A 2019 study on the health impacts of sewage backups into residents’ homes documented many diseases associated with fecal matter in wastewater, which often flooded residents’ homes and basements as a result of a sewage backup. It said that raw sewage contained pathogens such as bacteria, viruses, and parasites, which can be particularly harmful when residents are forced to undertake the cleanup themselves.

The study warned that several groups are likely to be more susceptible to illnesses resulting from exposure to raw sewage, including pregnant women and children, because of weakened or  underdeveloped immune systems. “Those who are immunocompromised are also more at risk than the average adult,” it said. 

Climate change is causing increased precipitation and flooding, factors that city officials now have to take into account when thinking about the future performance of the sewer system, the study, “Residential Sewage Backups in Baltimore City,” said. 

“If the city is not accounting for these future changes, overflows and breaks in pipes due to pressure in the system may be an upcoming reality,” the study cautioned.

Quoting 2021 statistics, the EPA said that there was an annual average of 4,400 reported backups—ranging from 3,972 to 5,745 per year—between 2017 and 2021. Because of the limited scope of the city’s cleanup program, the EPA said, less than 20 percent of backups qualified for the SOS program, which provided only $21,019 in assistance from 2018 to 2022. 

“This is well under the $2 million dollars per year that Baltimore is supposed to allocate each year to the program,” the EPA’s letter said, adding that Baltimore could easily cover more claims and more backups that occur in all types of weather and result from pipe blockages. 

In its July 21 letter, the city dismissed the EPA’s recommendations and said that no part of the consent decree “requires expansion of the program in the manner the EPA seeks.”   

The city said that while the consent decree required the city to dedicate an annual budget of $2 million to sewage cleanup efforts for residents, the city is not bound to spend the entire amount each year. 

Alice Volpitta, Baltimore Harbor waterkeeper with Blue Water Baltimore, rejected the city’s argument. “We’re very disappointed that the city has chosen not to expand the scope of its assistance programs to more Baltimore City residents, because the agencies have been very clear in their intent in their letter.”  

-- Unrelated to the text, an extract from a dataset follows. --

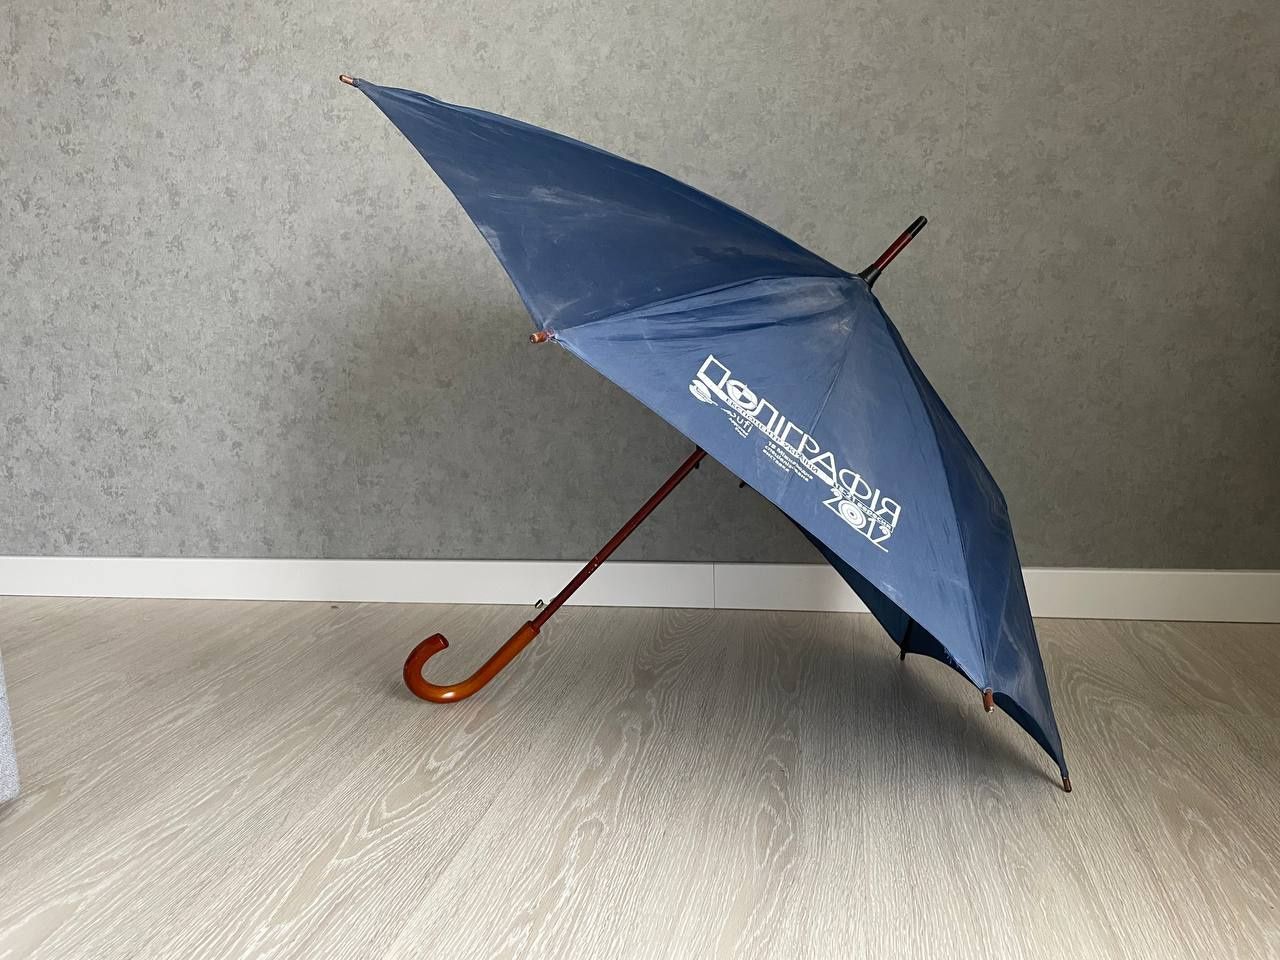 Зонт трость зонтик парасоля від дощу большой парасолька велика

She said that the joint order by the EPA and the MDE clearly asked the city not to limit the long-term program to capacity-related backups. “The last thing I want to see is this issue get tied up in the courts again, because Baltimore City residents are dealing with this issue every single day,” she said. “They can’t afford to wait and they can’t afford to wait out a lengthy court battle. So, we want the city to do the right thing and expand the scope of the program immediately.”  

Jennifer Kunze, Maryland program coordinator with Clean Water Action, called the city’s refusal to abide by the EPA’s order “completely unacceptable.”

“The city really needs to expand the program the way the EPA has ordered,” she said. “And that’s the important thing, not the original scope of the modified consent decree.” She said that residents and members of the city council have been demanding this change for a long time. 

Kunze said that in July 2020, Matthew Garbark, then acting director of DPW, announced that the department was working with the Law Department and the Finance Department to consider expanding the program from wet-weather to any-weather backups. 

“It’s completely unacceptable that the city is challenging the EPA order, and DPW needs to listen to the calls of the residents and do the right thing,” Kunze said.